В глазах и голосе мальчика было откровенное сочувствие брату.

— Его лагерь далеко сегодня, — резко ответил Игорь. И оттого,"что сказал не совсем правду, почувствовал себя еще хуже.

Услышав близко князя, Ноздреча оглянулся и сразу пошел к нему, сильно припадая на правую, выгнутую колесом ногу, а кметы кинулись разбирать коней. Одному из них мальчик на бегу передал бунчук.

Игорь, уже берясь за луку, взглядом поторопил воеводу.

— Ну, я хлебнул страху, пока скакал сюда! — шумно воскликнул тот, прибавляя шагу. — И поделом седому дурню. Не гоже теперь пускать тебя одного…

— На коне скажешь! — оборвал его Игорь.

— Коня! — крикнул Ноздреча.

Привыкнув к резкостям своего «зарывчатого» питомца, старый воевода принялся спокойно вытирать полой плаща слезящиеся от недавнего смеха глаза.

Князь, не сразу найдя носком стремя, тяжеловато поднялся в седло. Олег уже мчался по следу черниговцев, лихо клонясь набок, гикая, рубя саблей высокую тырсу.

«Вот и Владимиру бы таким быть! — остро кольнула сердце Игоря давняя заноза. — Кречетом быть, а не вороной… Отца побоялся!..»

Эта внезапная мысль была вроде пучка сухой травы, сунутого в тлеющий костер.
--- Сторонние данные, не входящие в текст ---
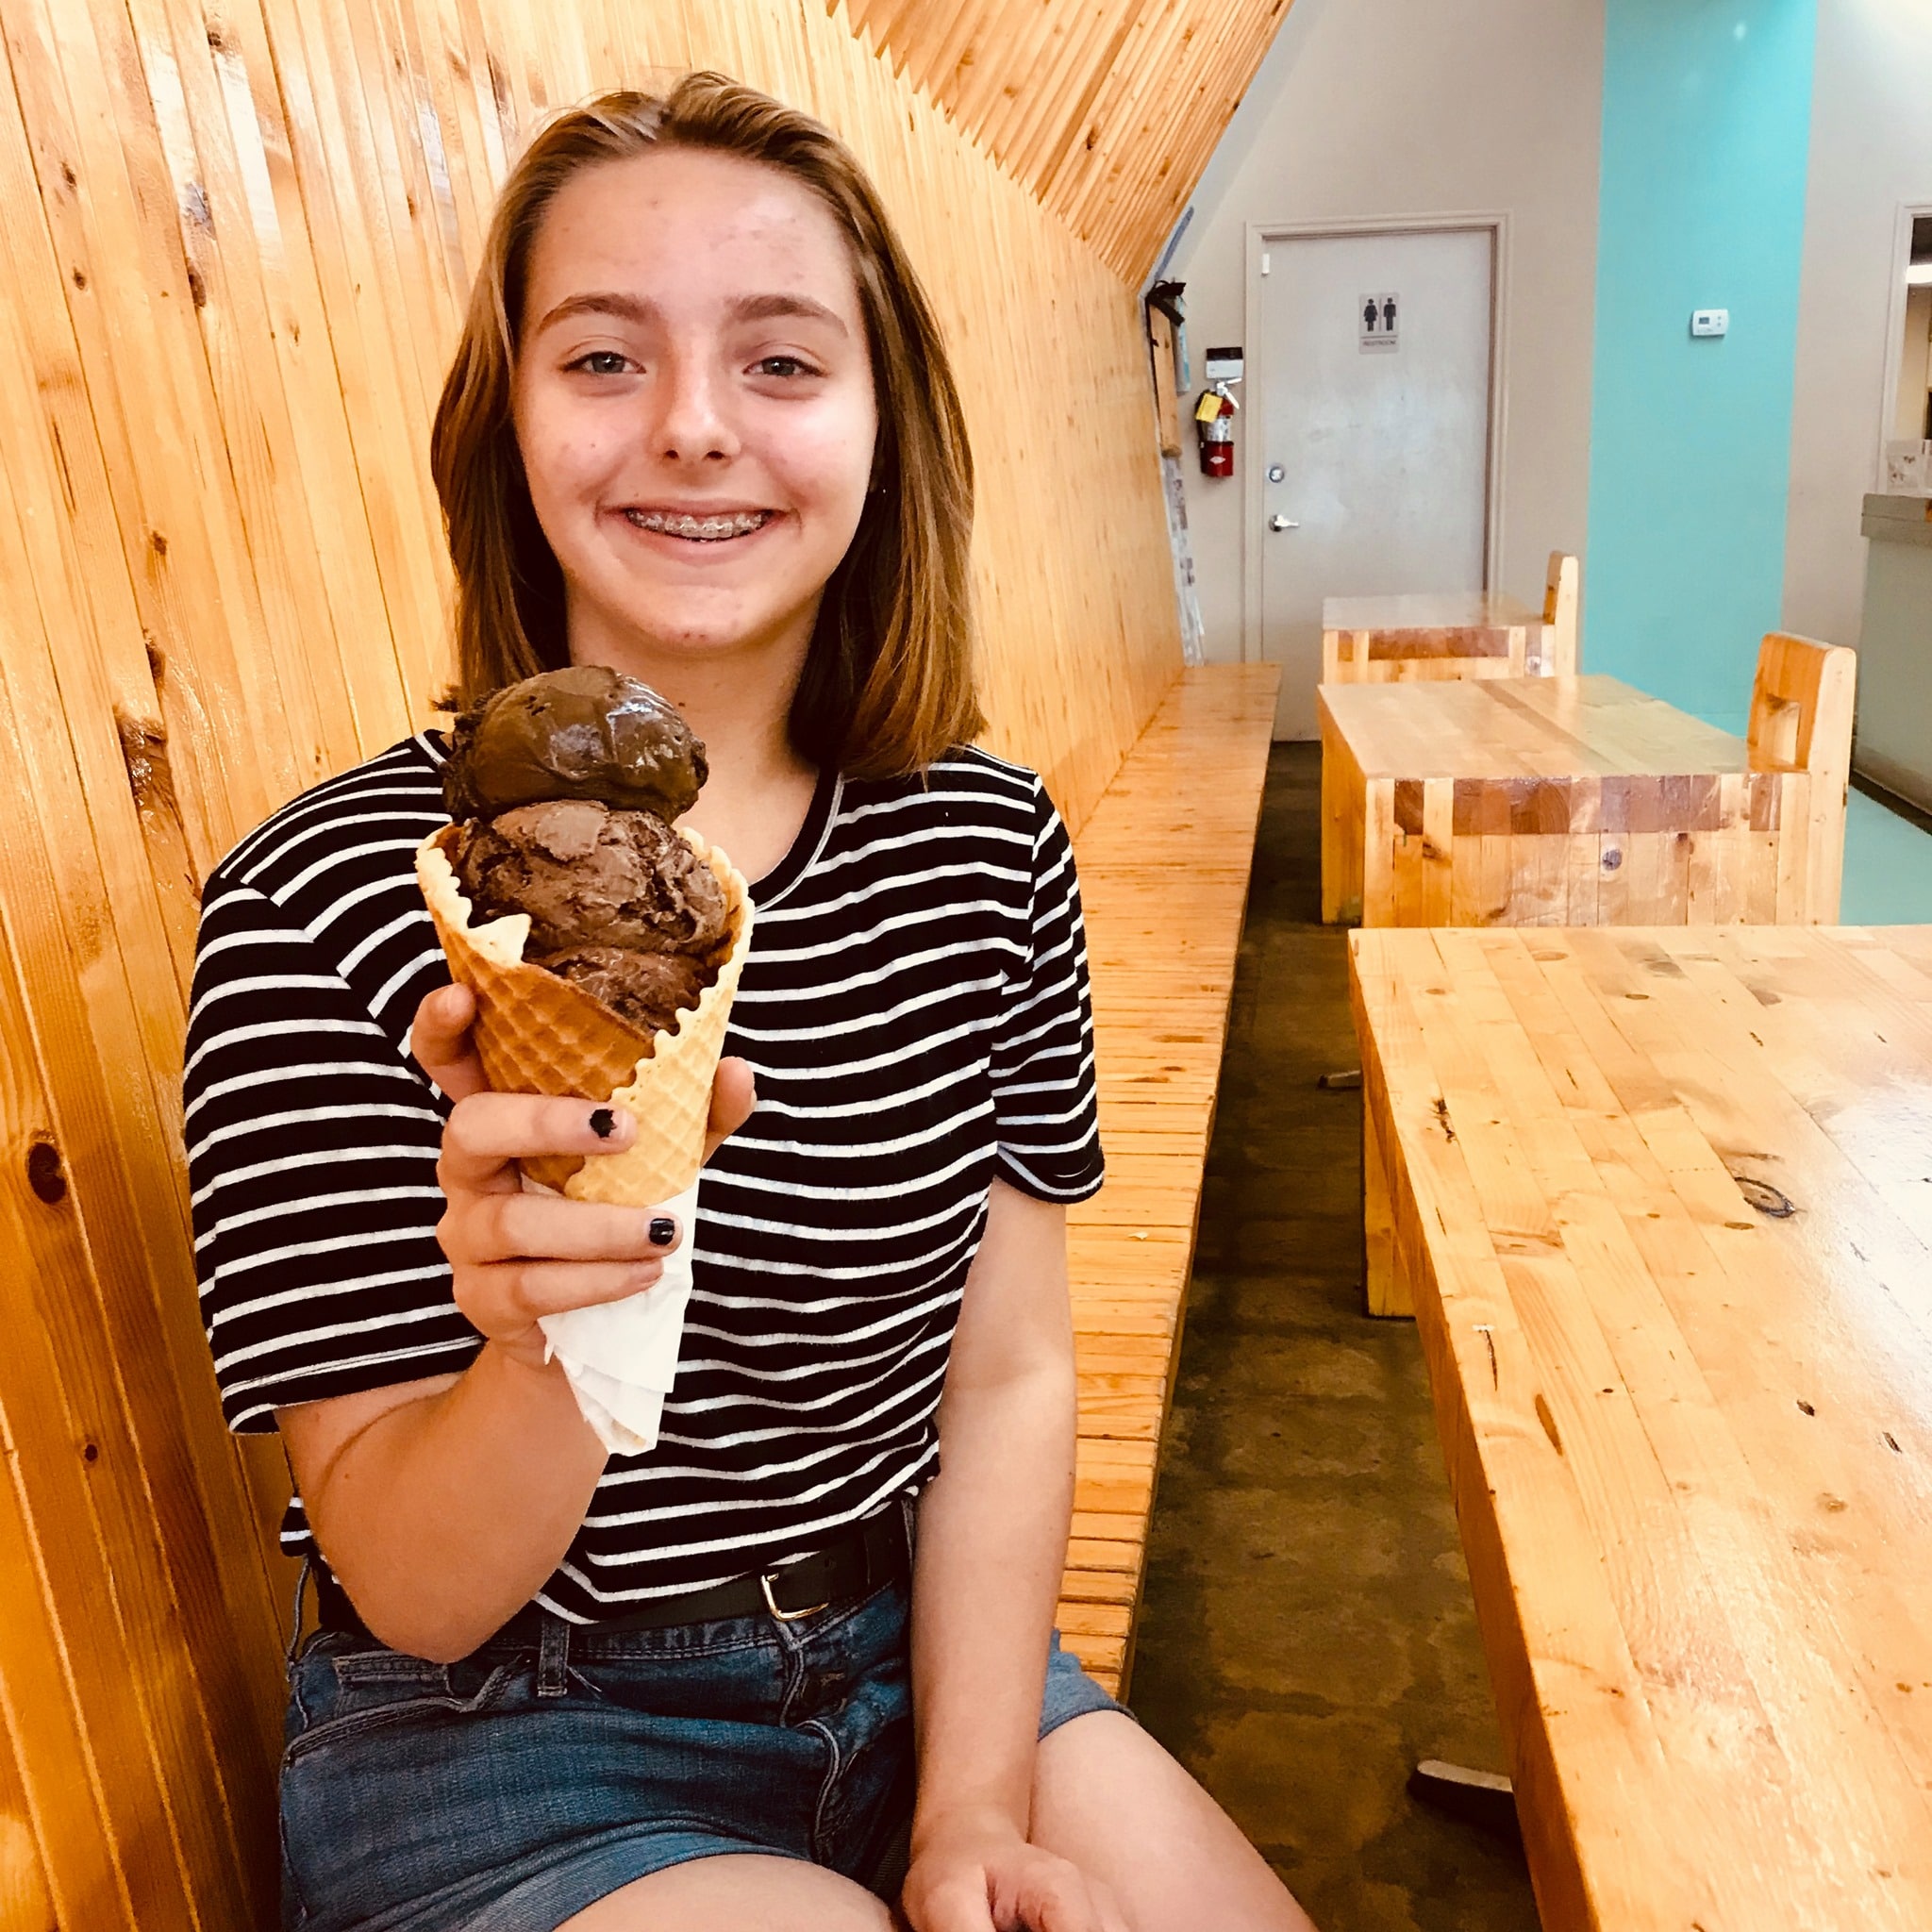 61890261 2275269052520869 3693480237414219776 o Here's your summer guide to 21 delicious ice cream shops in Birmingham

Гнев, который в течение дня то разгорался, то гас в груди князя, буйно вспыхнул.


…Утром, нежданно, показались разъезды Кончака, встретить которые Игорь рассчитывал не раньше, чем выйдя в степи за Северским Донцом: неделю назад из-под города Изюма вернулся шеститысячный киевский отряд, гнавшийся за ханом от самого Хорола, и стало известно, что половецкие вежи[4] спешно оттягиваются к Дону…
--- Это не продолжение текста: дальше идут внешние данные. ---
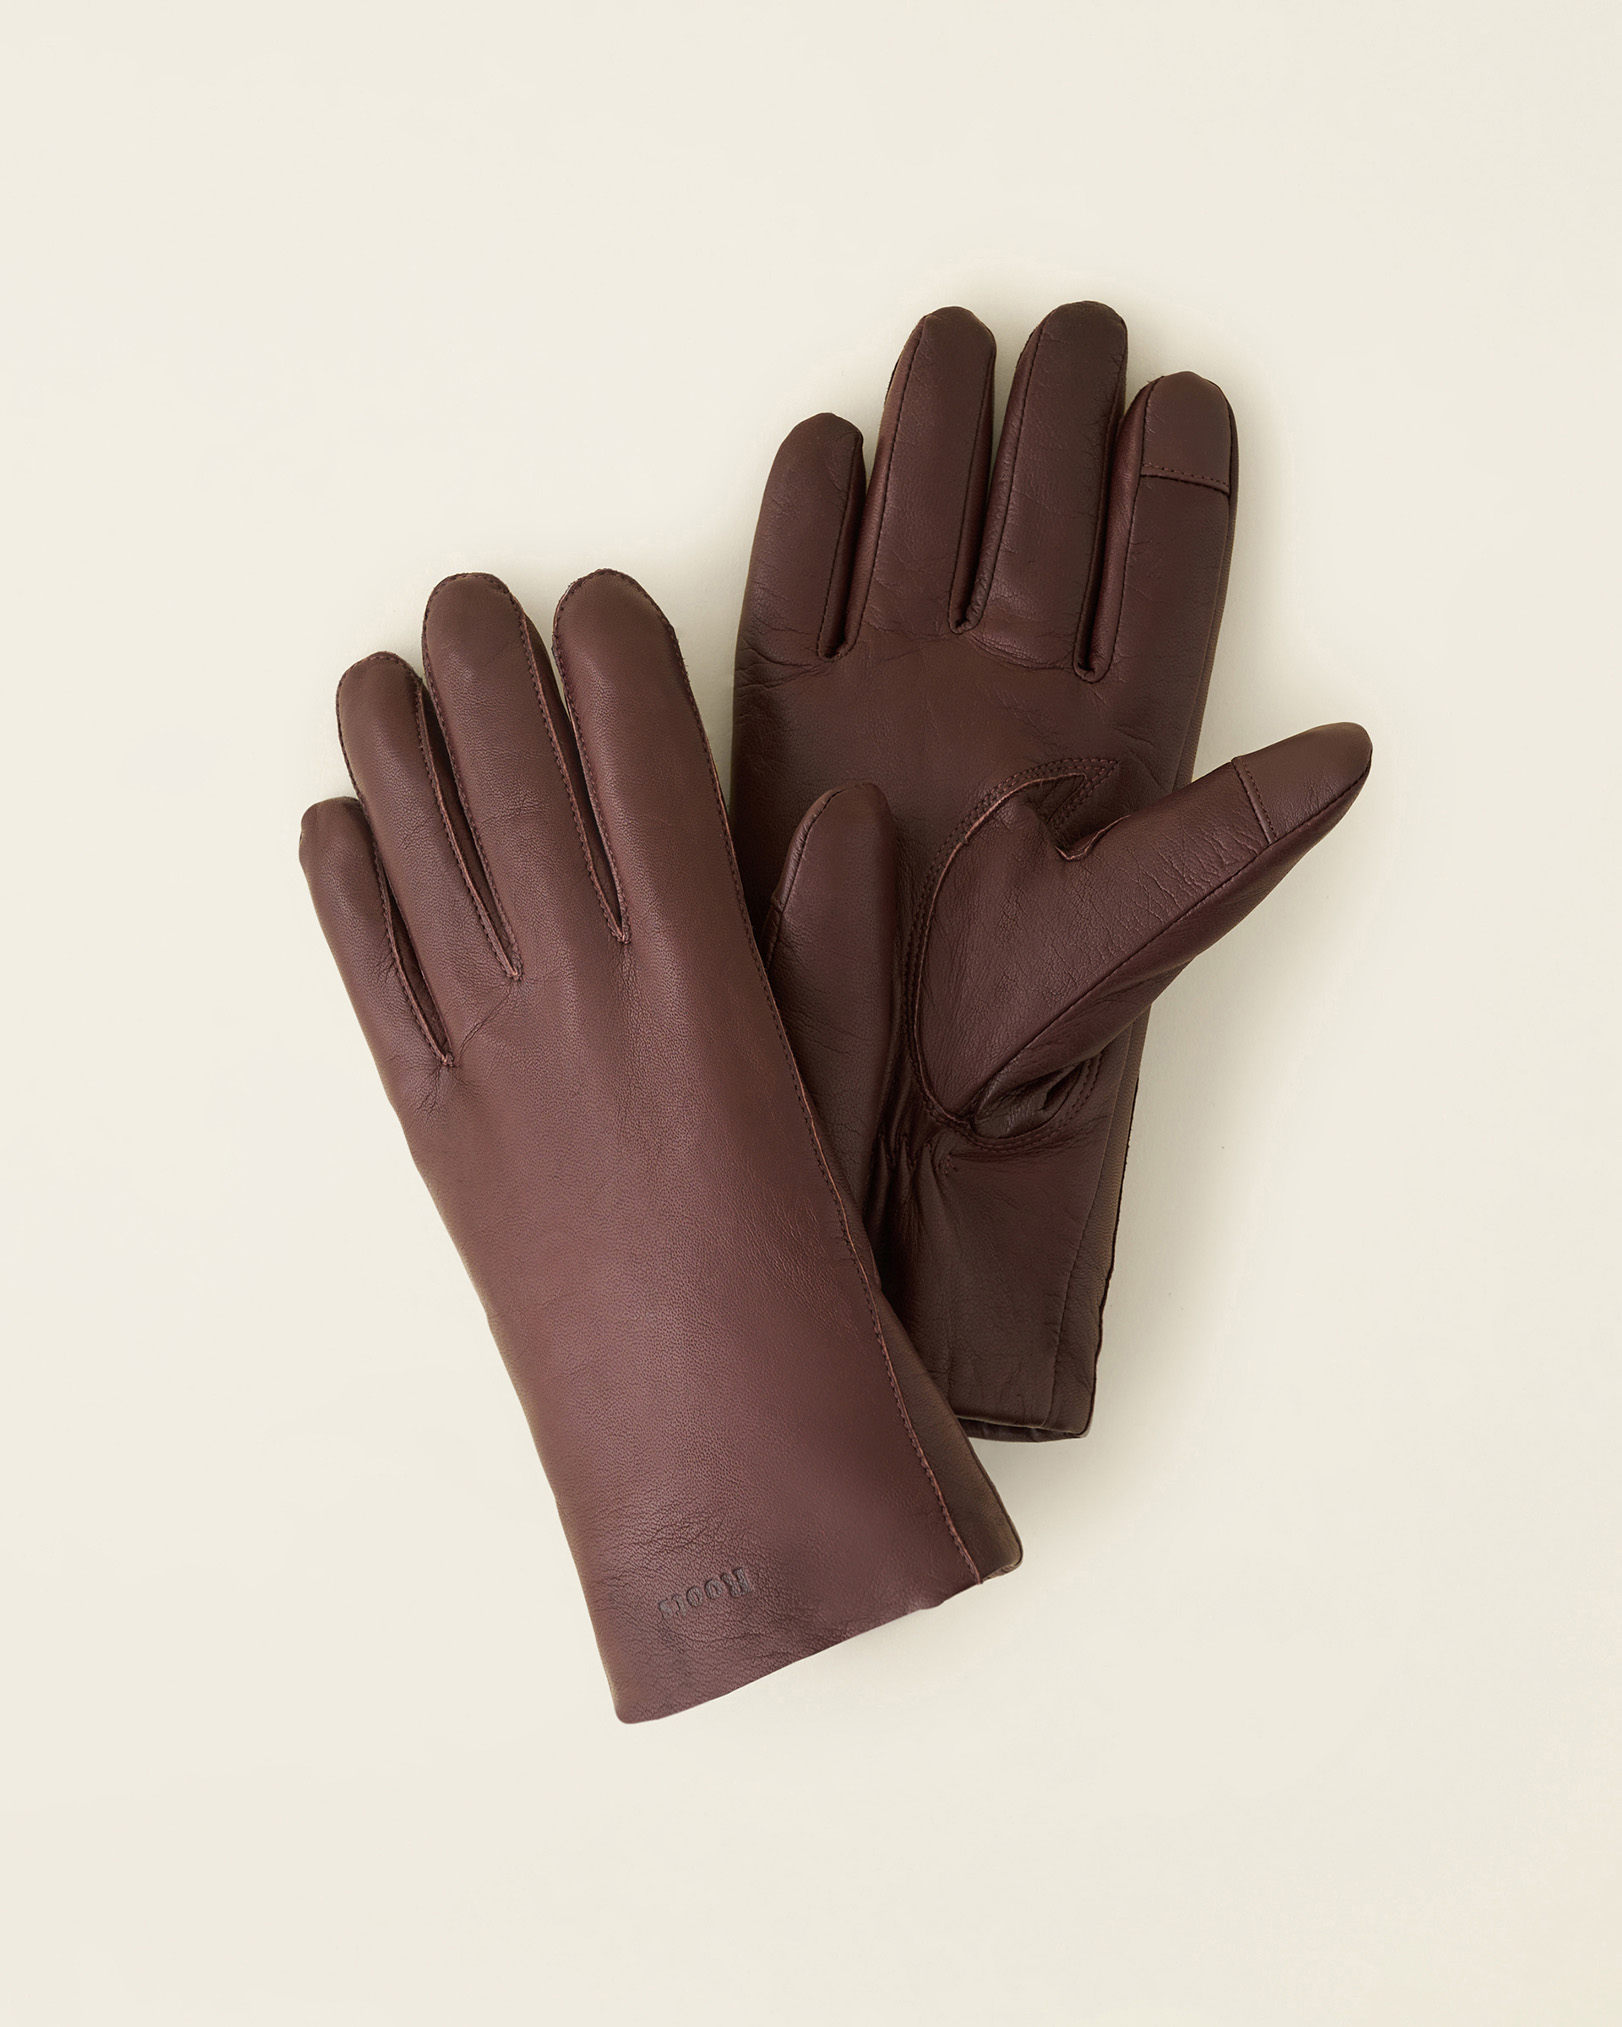 Roots Men's Touch Nappa Glove in Tan

Покрутившись вдалеке, один разъезд скоро исчез с глаз, а другой дерзко подскакал к полку путивльцев, и Овлур стал выкрикивать Владимиру поклоны от Кончаковны и ее наказ спешить к ней и скорее брать в жены, а то-де Гза опять добивается ее, а она ждет князя путивльского, сохнет по нему…

Владимир не только выслушал до конца ханского любимца, но и не погнался за разъездом. Игорь в то время был с ковуями далеко позади. Узнав о случившемся, он пришел в ярость. И кто знает, чем кончилась бы его встреча с сыном, не помешай ей вовремя вездесущий Ноздреча. Пылко вступился за брата и Олег.

Были высланы на самых быстрых конях отряды к бродам через Ворсклу — перехватить там дозоры хана. Отодвинуты дальше в степь боковые сторожа, а число головных удвоено; полкам было велено идти кучнее.

В хлопотах Игорь успокоился, а скоро был готов и вовсе простить сына. «В конце концов, краса половчанка — это мой выбор, — рассуждал он, — и я недавно сам радовался, что она так полюбилась Владимиру. А любовь, видно, не выкинешь из сердца — ни по отцовскому слову, ни по расчету. Мне вот следовало бы жениться прошлым летом на сестре Владимира Глебовича Переяславльского, и давний сговор был, и уделы наши рядом, и распри между Ольговичами и Мономашичами потухли бы. А я взял в жены дочь галицкого князя — красную Ярославну, И разве не знал, что этим самым делаю своими врагами и князя переяславльского и могущественного Романа Волынского — лютого недруга Ярослава? Знал! Как ныне знаю: случись со мною в поле беда — эти двое сами не помогут, да еще и тестю, и другим князьям дорогу заступят — особо Роман, который давно тянет загребущие руки к золотому галицкому столу. Что же, Ефросинья от этого стала не люба мне? О, милее света белого! А Владимир полюбил впервые… А что упустил он ханского пса — тоже невелика вина: все равно дальнего дозора не догнать было. Да и видели поганые один полк».